Louise kommt zurück; es erfolgt eine peinliche Scene. Ferdinand steht stumm in sich gekehrt. Während ihm sonst jeder Blick seiner Louise eine Seligkeit war, beachtet er jetzt keins ihrer Worte, beantwortet keine ihrer Fragen, bis er sich in allerlei hämischen Aeußerungen Luft macht. Nun läßt er sie von der Limonade trinken, es kommt zu neuen Erörterungen, bei ihr bricht das volle Liebesgefühl wieder hervor, er ergeht sich in frevelhaften Aeußerungen über das schlechte Herz, an das er gerathen; Louise wird auf eine fürchterliche Probe gesetzt. Endlich richtet er die wiederholte Frage an sie, ob sie den Marschall geliebt; aber erst als er ihr den Tod ankündigt, sagt sie ihm, daß sie unschuldig sterbe, daß der Brief ein erzwungener gewesen sei. Mit dem Gebete, Gott möge ihm und seinem Vater vergeben, stirbt sie; daß er eine Unschuldige getödtet, das ist seine härteste Strafe. Die letzte Scene führt den Präsidenten an Louisen’s Leiche, um ihm die Frucht seiner Kabale zu zeigen. Schaudernd an das göttliche Gericht gemahnt, wälzt er jetzt die ganze Schuld auf Wurm, doch dieser von Ingrimm über das Mißlingen seines Plans erfüllt, will nicht das alleinige Opfer gemeinsamer Schuld sein, sondern zieht ihn mit in den Abgrund. Nur von dem sterbenden Ferdinand erlangt er noch ein Zeichen der Vergebung, während der unglückliche Miller voll Verzweiflung aus dem Zimmer stürzt.

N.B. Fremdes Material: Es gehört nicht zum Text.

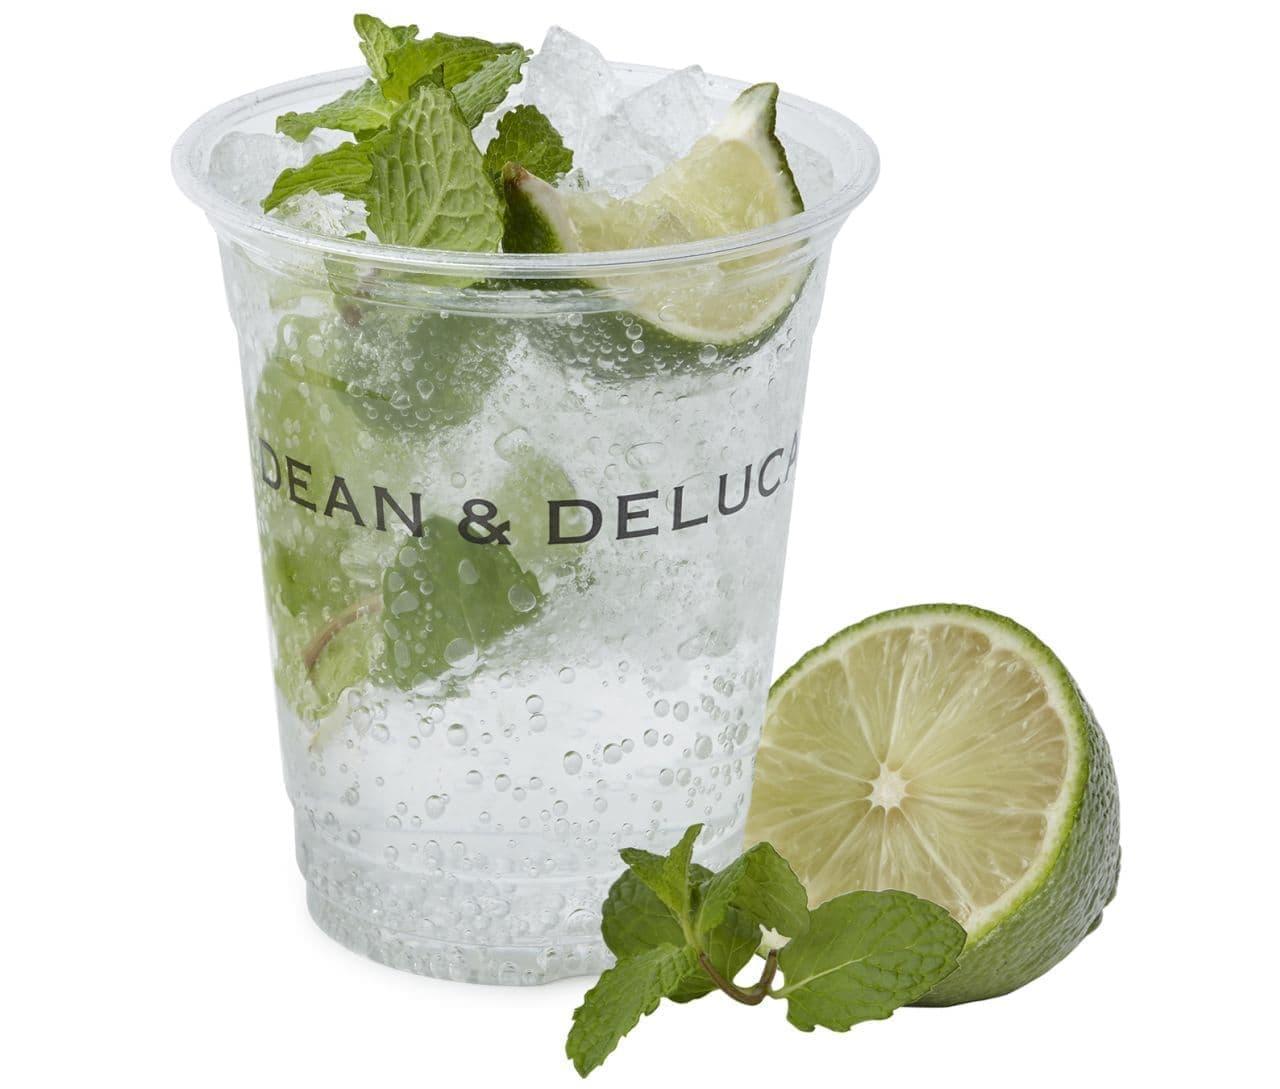 DEAN&DELUCA「HERBS&FRUITS 初夏のフレッシュソーダ」
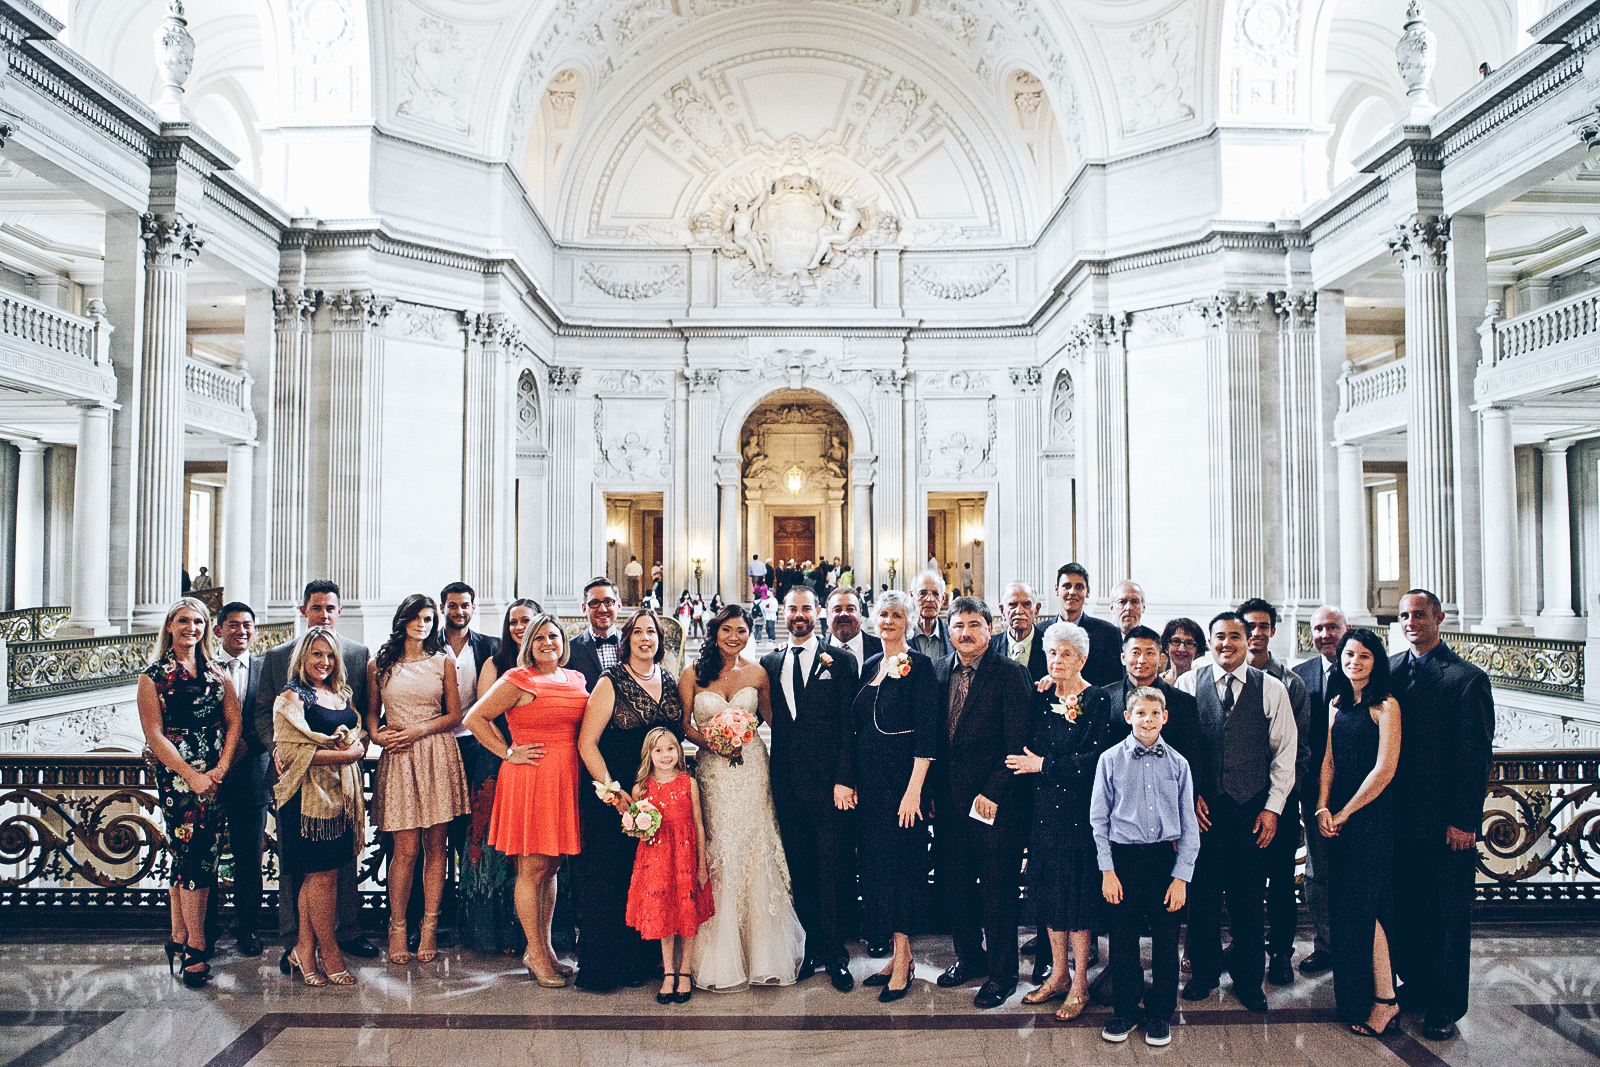 San_francisco_city_hall_wedding_photography_meegan_travis_ebony_siovhan_bokeh_photography_29.jpg

So endet das Stück mit einer furchtbaren Dissonanz, denn wenn auch die Liebe ihre Macht über die Kabale mit dem Tode besiegelt, so kommt es doch nicht dazu, daß die Väter der unglücklich Liebenden sich wie in Shakespeare’s „Romeo und Julia“ die Hände reichen. Die Versöhnung der einander feindlichen Stände sollte einer späteren Zeit vorbehalten bleiben, wo die künstlich gezogenen Schranken zusammenstürzten, wo die Natur wieder in ihre Rechte trat und die Menschenliebe als solche den Sieg errang. Bekanntlich ist Sch.’s „Kabale und Liebe“ von Gervinus, Hoffmeister, Schlegel, Schwab, Vilmar und Anderen ziemlich herbe, von Hildebrand, Hinrichs und Rötscher milder, am richtigsten wohl von Palleske und Eckardt beurtheilt worden. Der Letztere sagt: „Es bedarf uns nicht befremden, wenn auch diese Dichtung weit mehr mit menschlicher Leidenschaft und Erhitzung als mit künstlerischer Mäßigung geschrieben ist; sie ist ein Vorbote jener großen Bewegung, die ganz Europa erschütterte, und die kommende Sonne kündigt sich bekanntlich mit Sturmeswehen an.“ Und wer möchte leugnen, daß das Stück im Bunde mit der geschichtlichen Entwickelung der Völker eine mächtige Wirkung geübt; dürfen wir doch mit Stolz darauf hinweisen, daß wir jetzt auf Europas Thronen fast überall das wohlthuende Bild des Familienlebens erblicken, daß es die Fürsten für eine Ehre halten, wenn man sie als Vater des Vaterlandes bezeichnet, daß es unter den Ministern weder an wahrhaften Patrioten, noch unter den Staatsbeamten an Männern von erprobter Gewissenhaftigkeit fehlt. Auch Adel und Bürgerstand sind einander vielfach näher getreten, so daß die Gegenwart eines Stückes wie das vorliegende als Zeitspiegel nicht mehr bedarf.